The material beneath this line should be printed exactly, with its pictures omitted.

» Dataset section:
# # #
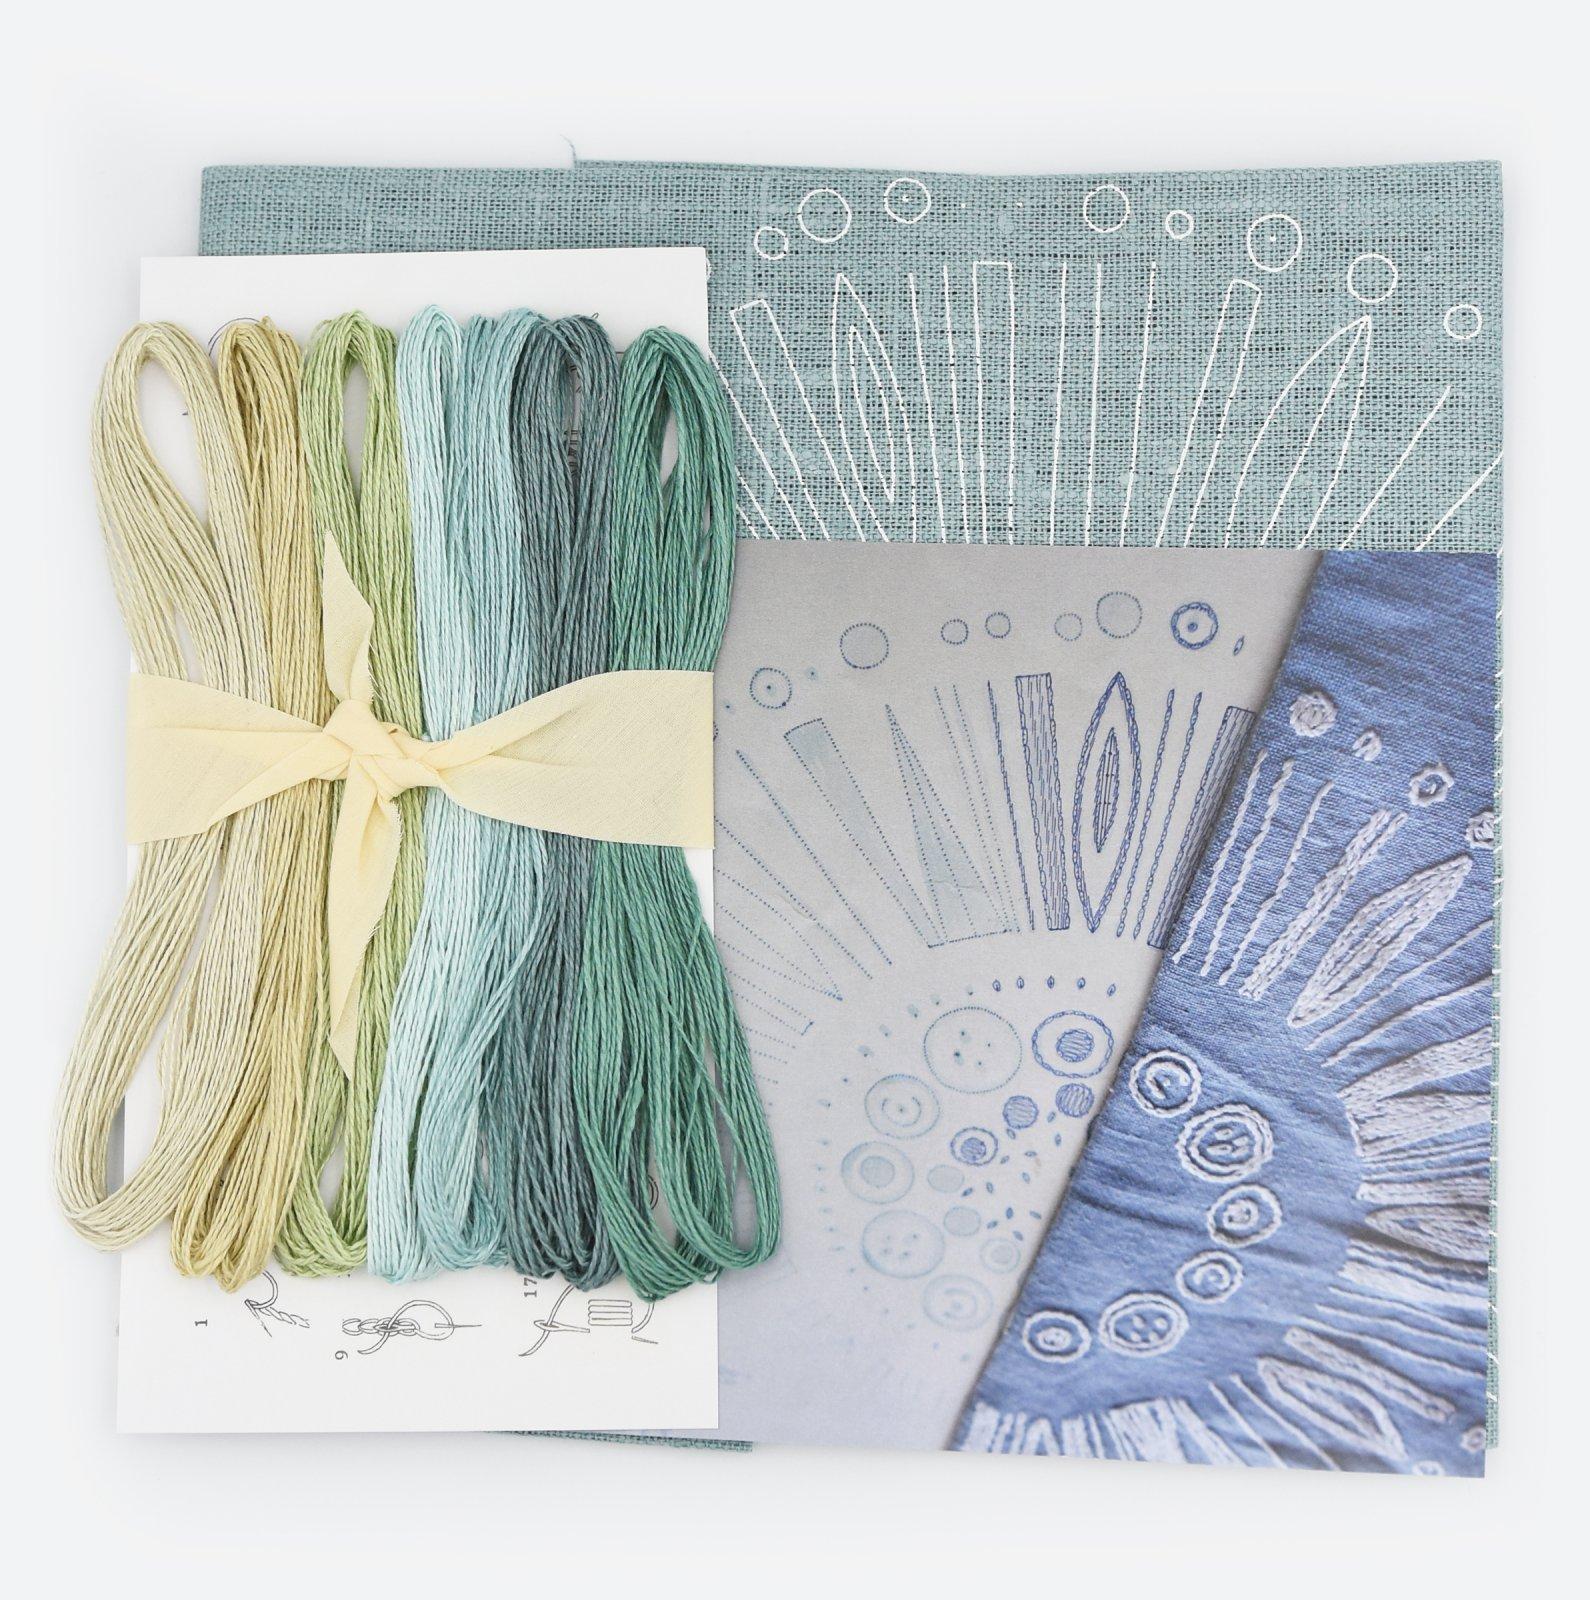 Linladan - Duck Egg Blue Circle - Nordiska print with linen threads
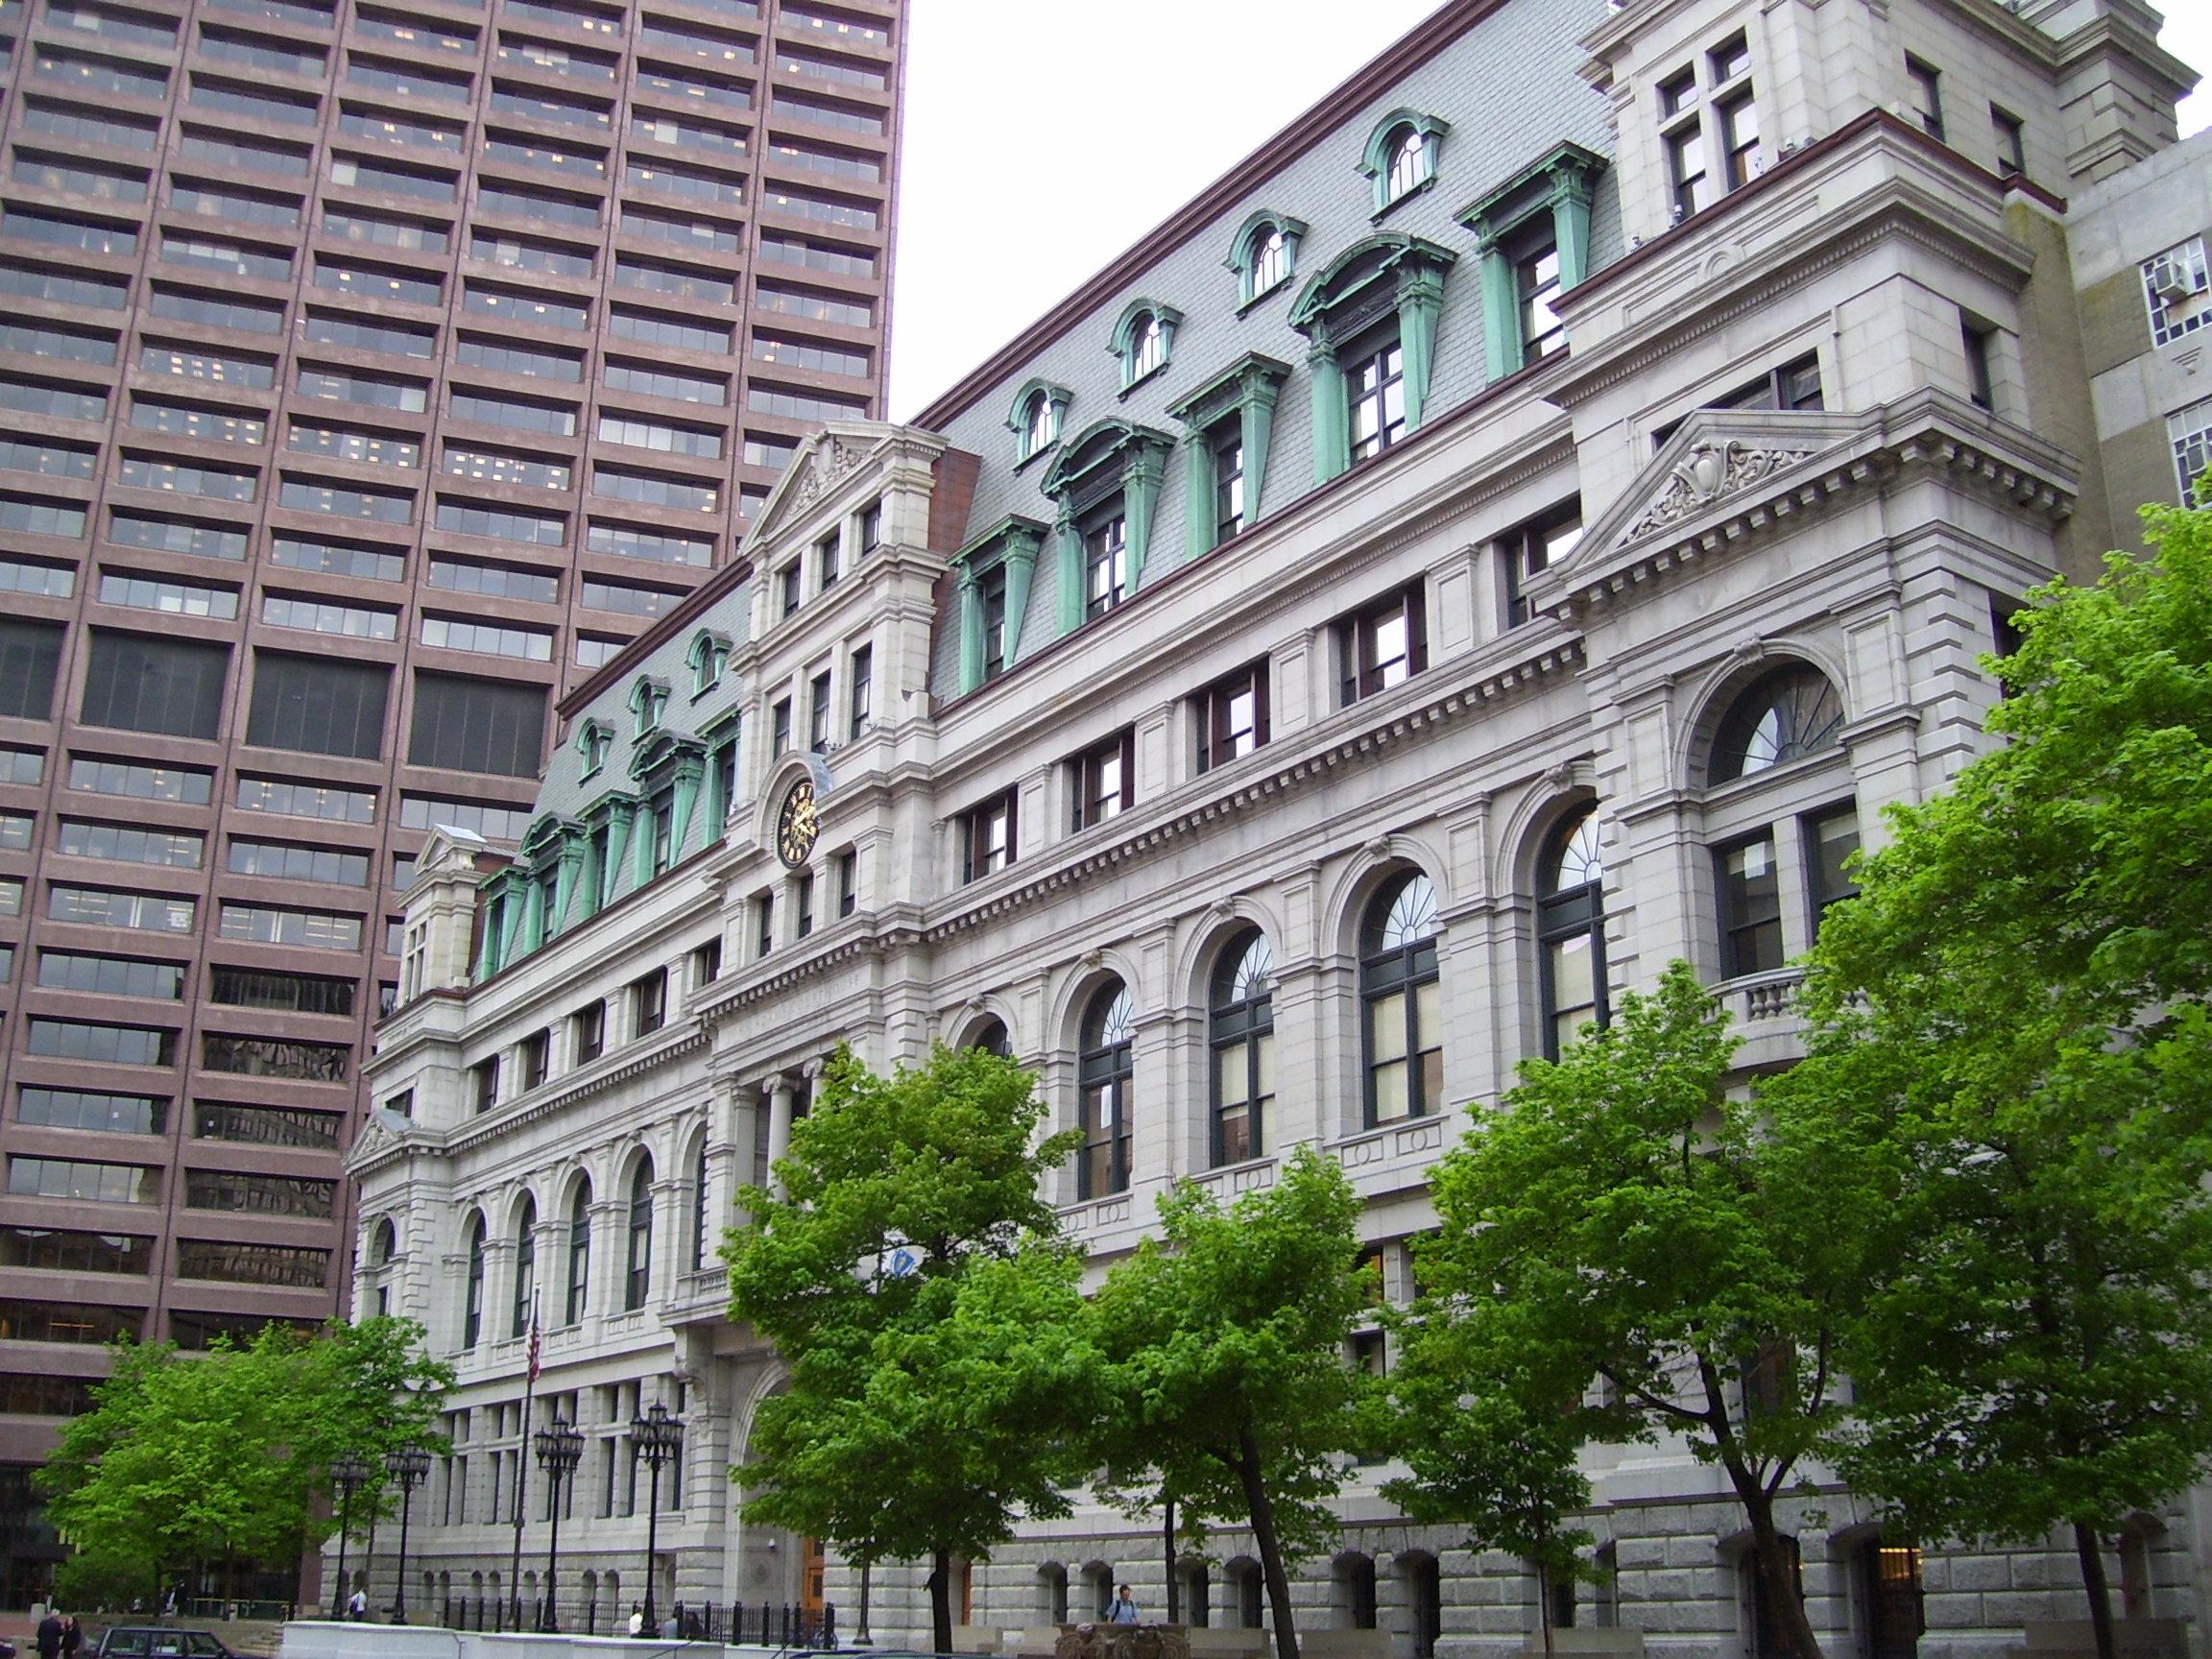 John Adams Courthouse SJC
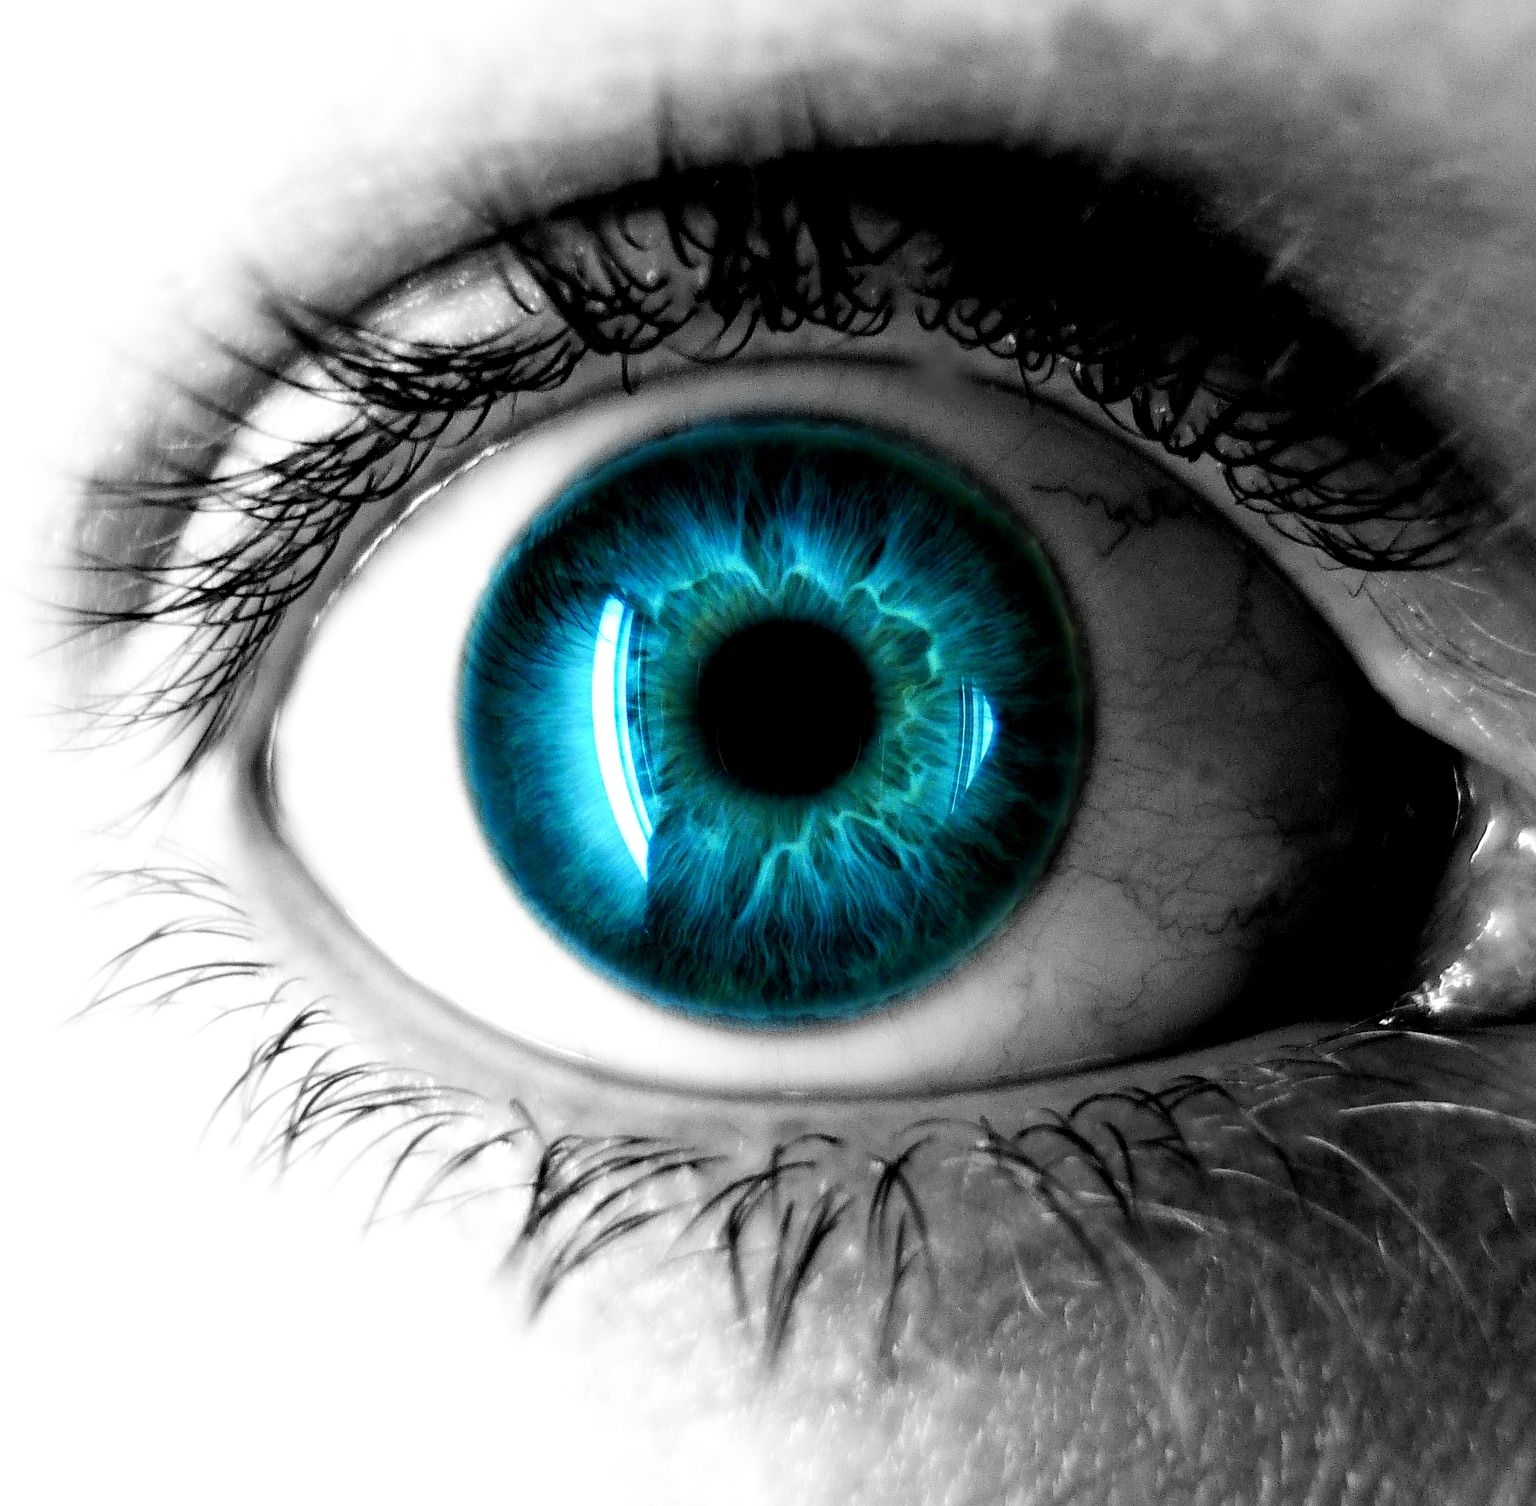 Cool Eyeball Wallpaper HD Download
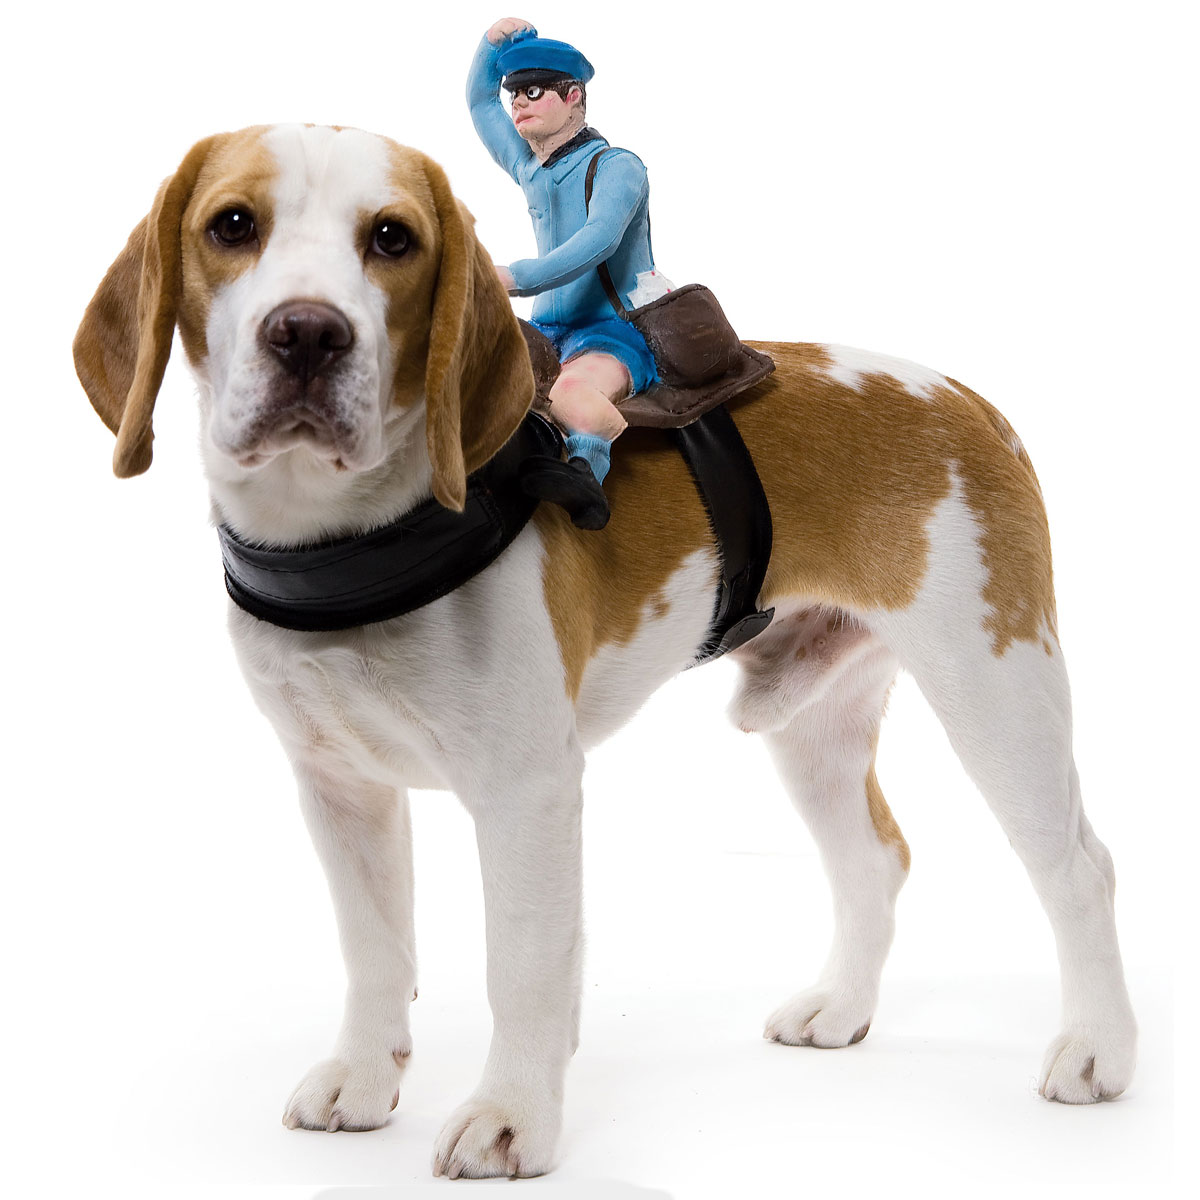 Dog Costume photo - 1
# # #
» Answer section:
 Linladan - Duck Egg Blue Circle - Nordiska print with linen threads
 John Adams Courthouse SJC
 Cool Eyeball Wallpaper HD Download
 Dog Costume photo - 1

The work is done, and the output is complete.